Tim Bale, Professor of Politics at Queen Mary University of London, has written for The Conversation on public attitudes to golliwogs - following reports that the home secretary reprimanded police for seizing a display of the dolls after they received a hate crime complaint.
The landlady of a pub in Essex has been expressing bemusement about the complaints of “snowflakes” after her display of golliwog dolls attracted the attention of the county’s police – only for them to be told, reportedly by the home secretary Suella Braverman, that they shouldn’t be wasting their time on such “nonsense”.
Six years ago, a not dissimilar incident unfolded in a café at the foot of the South Downs in Sussex, where the proprietors’ insistence on displaying a golliwog behind the counter prompted a complaint from a dismayed member of what Braverman terms the tofu-eating wokerati (namely me). On that occasion, however, it was the proprietor who called the police on the snowflake – even if, much to my disappointment, they never turned up in the end.
That incident prompted me, with the help of the polling organisation YouGov, to do a spot of survey research on public attitudes to golliwogs in England, Scotland and Wales. Was I a hopelessly politically correct outlier? Could I possibly be entirely alone in feeling more than a little uncomfortable about them?
The results were, to use a cliche, shocking but not surprising, at least to me. It turned out that some 63% of the public didn’t think it was racist to sell or display a golliwog doll – although, interestingly, slightly fewer people (53%) thought it “acceptable” to do so. Those who thought it was racist made up just 20% of the sample, and those who thought it unacceptable 27%. The rest said they didn’t know.
But that was then, this is now. The Black Lives Matter movement and the support given to it by prominent celebrities (not least some English footballers) has since loomed large in the national debate. Its advocates might reasonably expect attitudes to have shifted in their direction. And given there were pretty big differences between the attitudes of younger and older people in 2017, as well as between graduates and non-graduates, they might expect demographic change and the expansion in higher education to have helped too – if only at the margins.
YouGov was kind enough to repeat the exercise this week to see whether such a shift had indeed occurred. And lo and behold, it had – although not for everyone.
Six years ago, a majority said selling or displaying a golliwog doll wasn’t racist. Now it’s a minority. True, that minority still makes up nearly half the population, but a 15-point drop from 63% to 48% in a little over half a decade seems pretty significant. Meanwhile, the proportion of people who think it is racist has gone up from a fifth to just over a quarter (from 20% to 27%), with another 25% (up from 17% in 2017) opting for “don’t know”.
There’s been a similar “progressive” shift when it comes to whether selling or displaying golliwogs is or isn’t acceptable. The proportion of people who think it is acceptable has dropped 14 points from 53% to just 39% since 2017, with the proportion who think it isn’t rising from 27% to 34%. There’s been an identical increase (from 20% to 27%) in those saying “don’t know”.
Age continues to play a huge part in all this: a stunning 74% of those aged 65 and over continue to insist that selling or displaying a golliwog isn’t racist – a view confined to a mere 13% of 18- to 24-year-olds.
Among the older group, 64% say it’s acceptable to display one. Only 10% of the younger group agree. Education also continues to matter: twice as many graduates (42% – up 11% on 2017) as non-graduates (21%) say it’s racist.

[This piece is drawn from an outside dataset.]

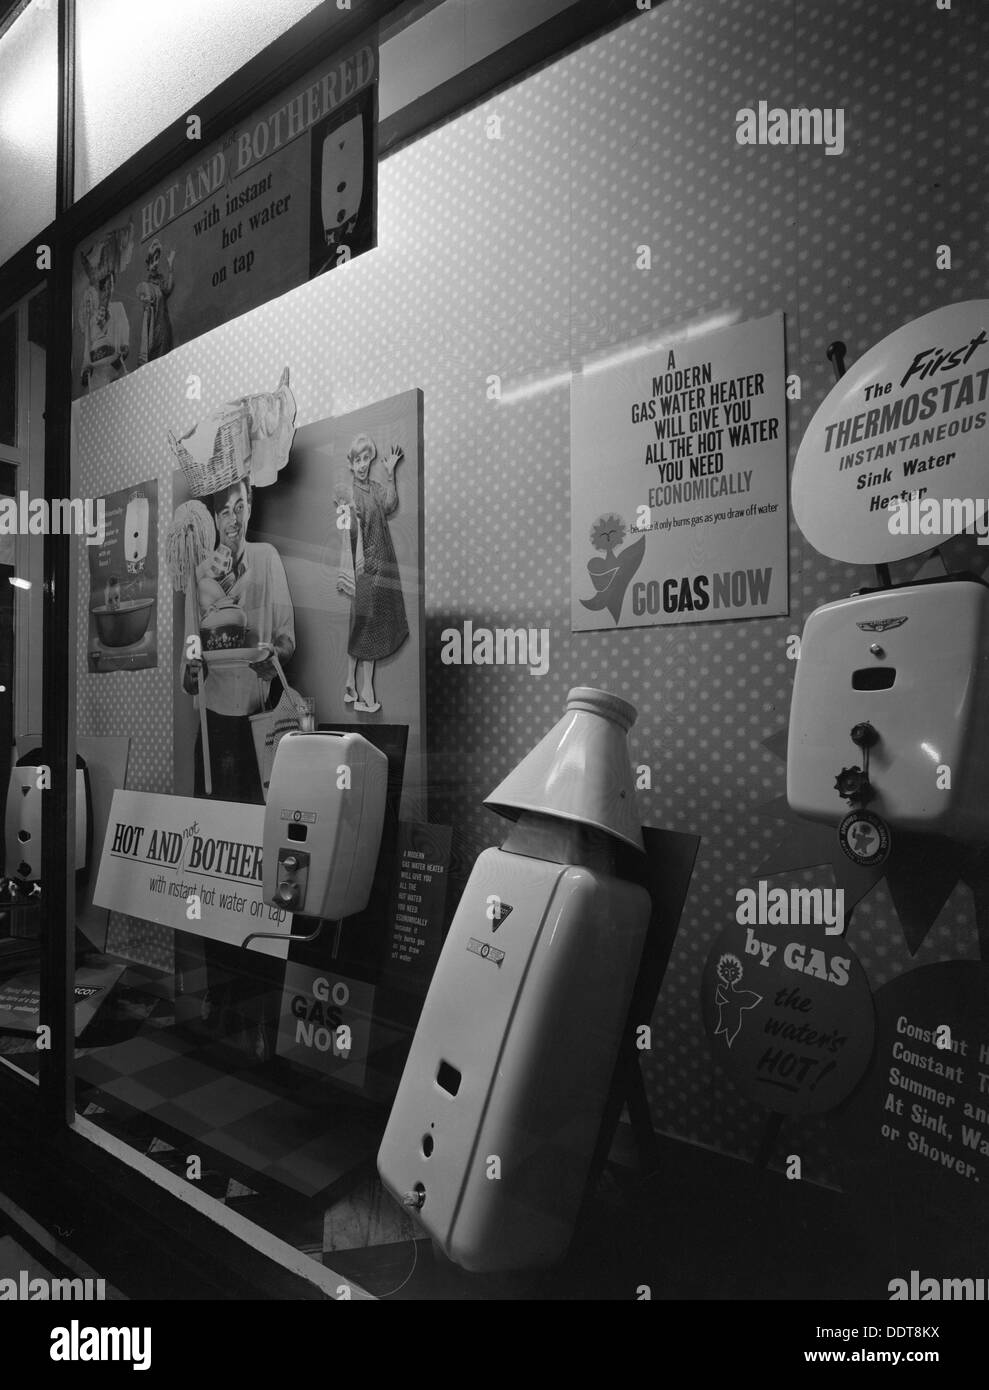 Gas water heaters display, East Midlands Gas Board showroom, Rotherham, South Yorkshire, 1961. Artist: Michael Walters Stock Photo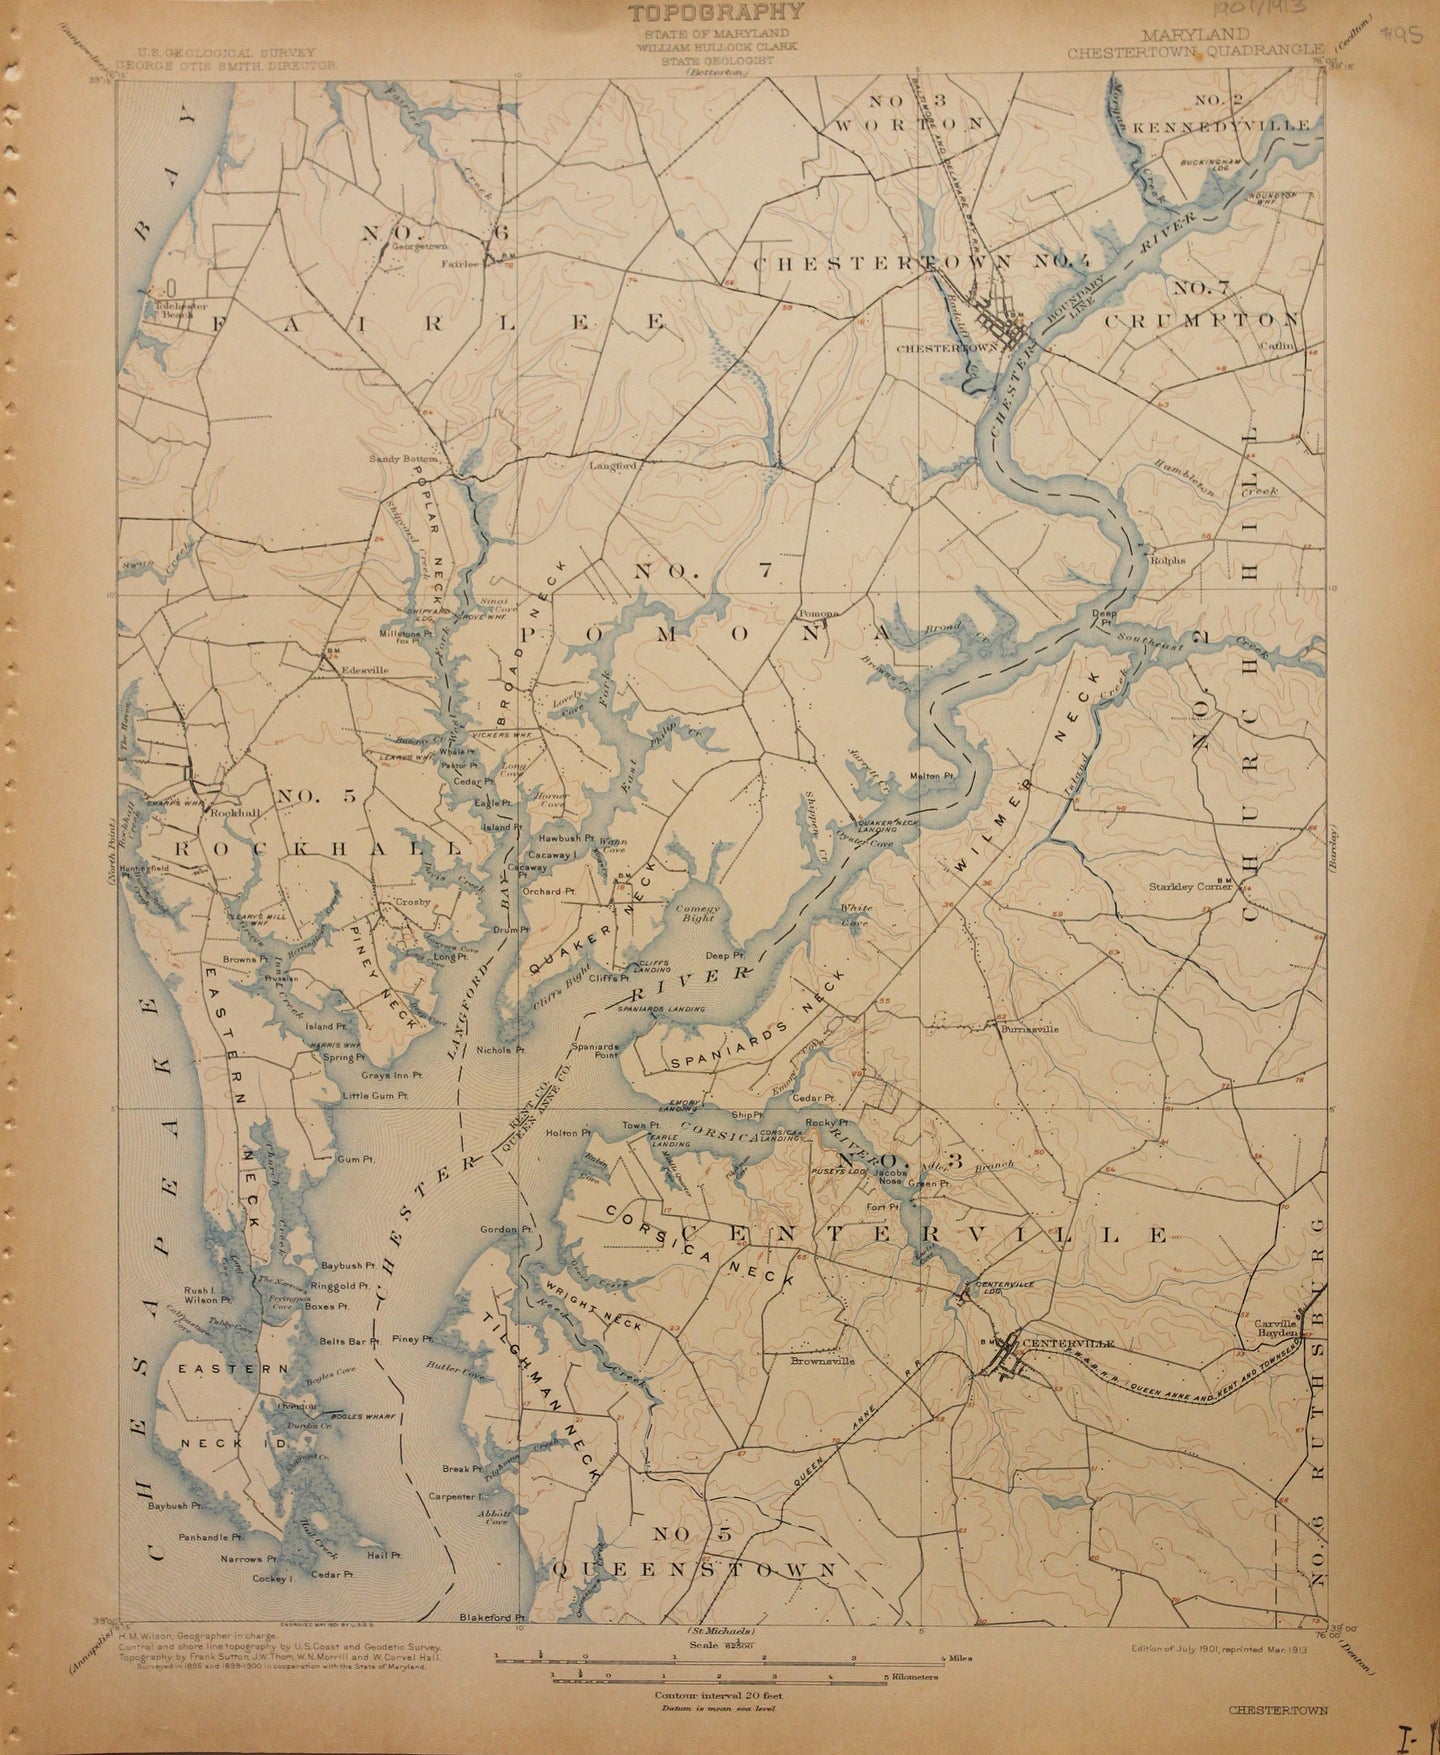 Genuine-Antique-Map-Chestertown--Maryland--1913-U-S-Geological-Survey--Maps-Of-Antiquity

There are, too, significant differences on both counts between those living in an ethnically diverse city like London and other parts of the country, and between middle- and working-class people, with those living in the capital and middle-class people more likely to brand the selling or display of golliwogs as racist and unacceptable.
What’s most striking, though, is the difference partisanship still plays in people’s attitudes. Only 13% of Conservative supporters and people who voted leave in the 2016 Brexit referendum think selling or displaying golliwogs is racist.
That figure (more or less depressingly, depending on your point of view) represents an insignificant change on six years ago. It is also dwarfed by the 47% of Labour supporters and 42% of remain voters who think the same about displaying these dolls.
Essentially, when it comes to golliwogs at least, the times are changing. Unless, that is, you’re old, less-educated, a Tory, a “leaver”, or a certain pub owner in Essex – in which case you’re more likely to be heard singing the same old song, and will probably continue to do so until, eventually and inevitably, your voice falls silent.
This article first appeared in The Conversation on 12 April 2023.